I saw the following problem asked on a different site and tried to use falling factorials to get the answer:$$\text{Determine}\ \sum_{k=0}^\infty \frac{1}{(4k+1)(4k+2)(4k+3)(4k+4)}.$$ Here's what i did:
First I noted that $(4k)^\underline{-4}=\dfrac{1}{(4k+1)(4k+2)(4k+3)(4k+4)} $; so I rewrote the series as $$ \lim_{n\rightarrow \infty}\left(\sum_{k=0}^n (4k)^\underline{-4}\right)\;.$$ Evaluating the series I get, \begin{align} \sum_{k=0}^n (4k)^\underline{-4} &=\frac{(4k)^\underline{-3}}{-3}\Bigg|_0^{n+1}\\ &= \frac{[4(n+1)]^\underline{-3}}{-3}-\frac{0^\underline{-3}}{-3}\\ &= -\frac{1}{3}\frac{1}{[4(n+1)+1][4(n+1)+2][4(n+1)+3]}+\frac{1}{18} \end{align} I then took the limit of the closed form expression for the series above, $$ \lim_{n\rightarrow \infty}\left(-\frac{1}{3}\frac{1}{[4(n+1)+1][4(n+1)+2][4(n+1)+3]}+\frac{1}{18}\right)=\frac{1}{18}\;.$$
$ \frac{1}{18} $ is apparently the wrong answer. This is the first time that I've used the falling factorials outside of the textbook, so I'm not sure if using it on this question is correct (but I can't see why it wouldn't be). If anyone can give me a hint or explanation, it would be much appreciated.

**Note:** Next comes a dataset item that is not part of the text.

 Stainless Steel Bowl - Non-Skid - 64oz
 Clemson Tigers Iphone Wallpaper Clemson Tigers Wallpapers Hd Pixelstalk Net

Completely revised and corrected:
The problem is that you need a chain rule to handle the factor of $4$ in $4k$, and the finite calculus doesn’t have one. In general it’s very hard to deal with composite functions other than simple shifts by adding a constant to the variable. To see the problem, consider what function $f(x)$ would have $\Delta f(x)=(2x)^{\underline 2}$. Analogy with ordinary calculus would suggest that it ought to be something like $(2x)^{\underline 3}$, probably adjusted by a constant coefficient. But
$$\begin{align*} \Delta(2x)^{\underline 3}&=\big(2(x+1)\big)^{\underline 3}-(2x)^{\underline 3}\\ &=(2x+2)(2x+1)(2x)-(2x)(2x-1)(2x-2)\\ &=4x\Big((x+1)(2x+1)-(2x-1)(x-1)\Big)\\ &=24x^2\;,\tag{1} \end{align*}$$
while $(2x)^{\underline 2}=(2x)(2x-1)=4x^2-2x$; clearly these are not constant multiples of each other. Multiplying $(1)$ by $\frac16$, as is suggested by ordinary calculus, gets the $x^2$ term right, but it does nothing to fix give us the missing first power term. Now $\Delta x^{\underline 2}=2x$, so in this case we actually can fix things up:
$$\Delta\left(\frac16(2x)^{\underline 3}-x^{\underline 2}\right)=\frac16\left(24x^2\right)-2x=4x^2-2x=(2x)^{\underline 2}\;.$$
But that was an ad hoc fix-up after the fact that doesn’t obviously point the way to a general solution even in the case of a positive exponent.
I don’t know a slick finite calculus method for evaluating your limit, but this at least explains why what you tried didn’t work.